Thanks for your help
medoc writes
Yes, you are right, I should have thought that maybe you were running an older version (catdoc mostly did not work at all), this is not a format issue, but a possible configuration one.
xls2csv should not be used at all in recent versions, so it’s strange that linking it should change anything.
You can check the two following things:
-
Check that /usr/share/recoll/filters/rclxls is using xls-dump.py (look for a line with XLSDUMP in it)
-
Check ~/.recoll/mimeconf for a setting which would override the standard extractor set in /usr/share/recoll/examples/mimeconf
When this is done, you should reset the index to make sure that the xls files are processed by the new extractor.
ddio writes
Thanks, that was indeed the case ( ~/.recoll/mimeconf was ovverriding the handler for ms-excel ).

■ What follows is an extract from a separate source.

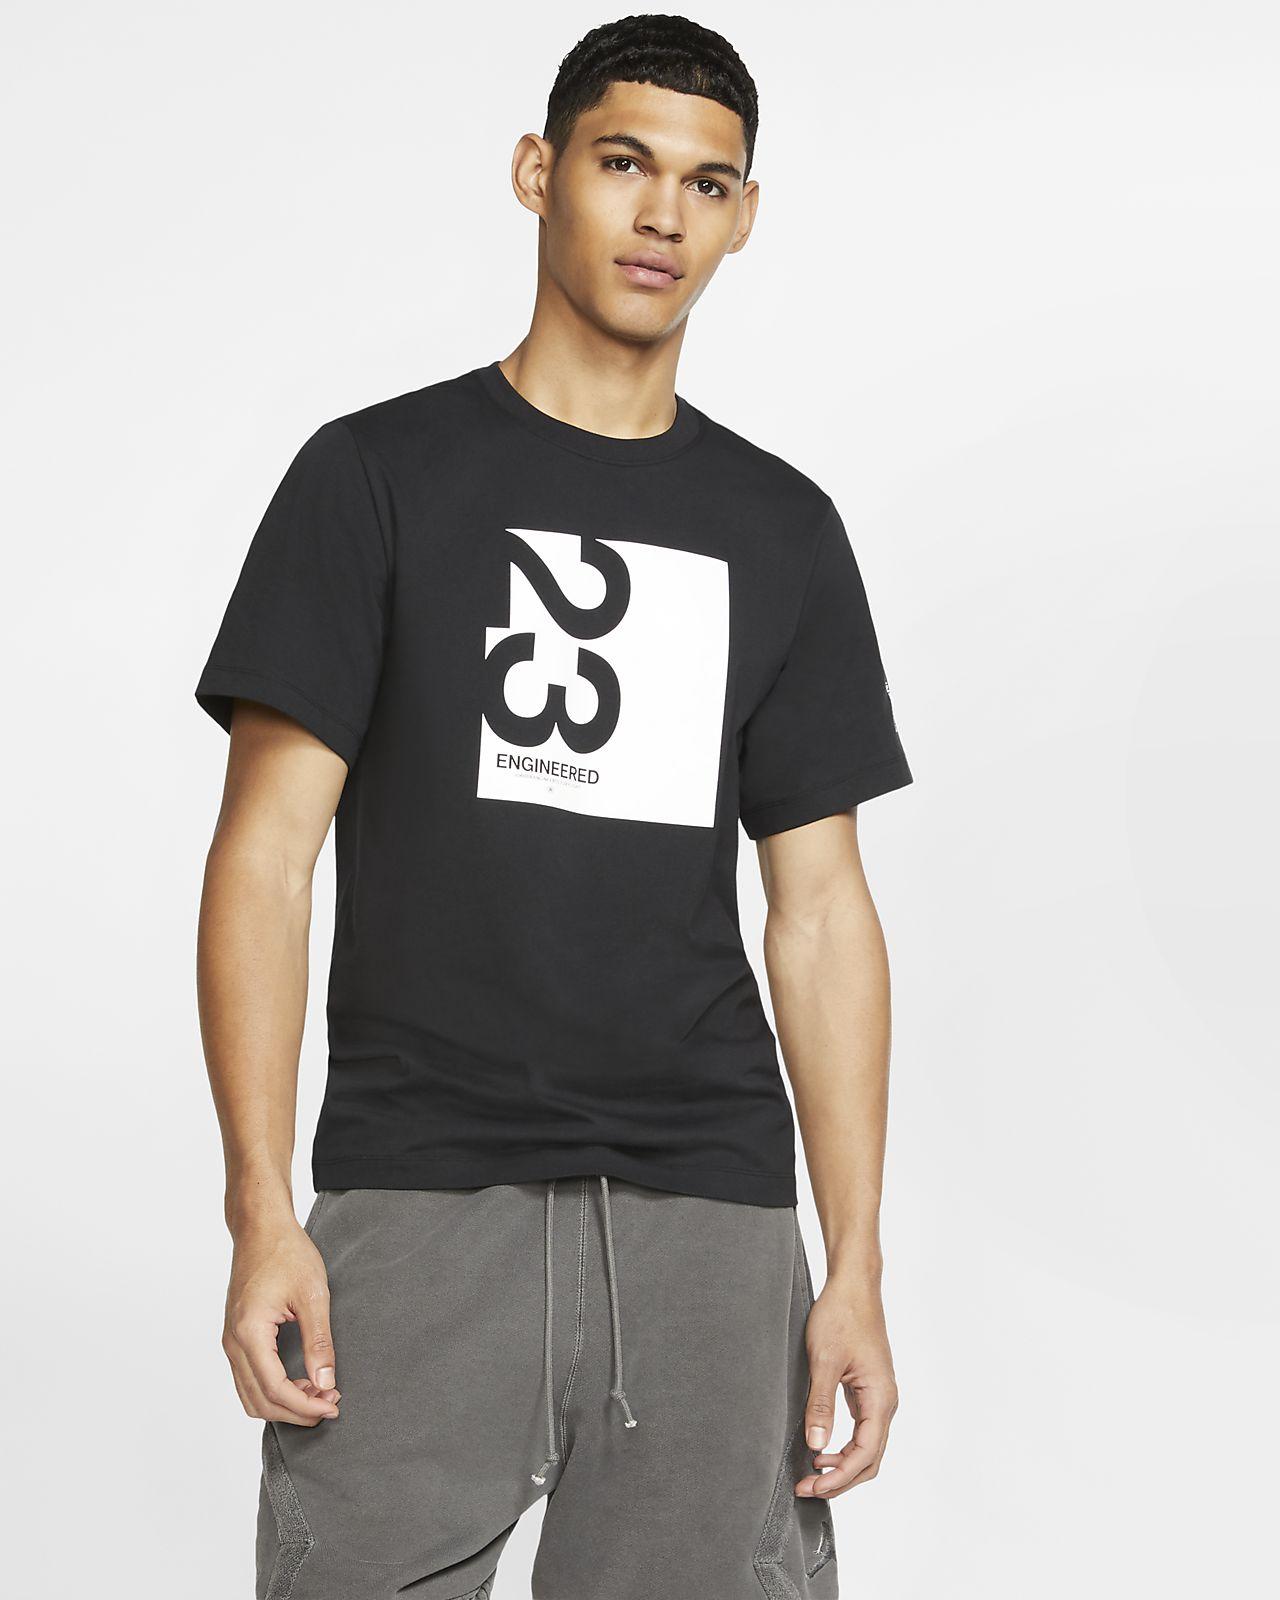 Jordan 23 Engineered T-shirt voor heren

Kinda abusing the possibility to talk to you and the issue (which is resolved for me):
Is there any way right now to index xlsx? If not I would skip those files entirely.
medoc writes
xlsx should be indexed "out of the box" by recoll 1.21 rclopxml extractor.
This needs xsltproc as helper, and it does a direct extraction, no need for the complicated code to handle the old Microsoft format.
I am not 100% sure that it extracts all text though, but it should be easy to add more templates if it is missing something.
ddio writes
Wow indeed it does :) Great! Thanks!
ddio writes
resolved by configuration change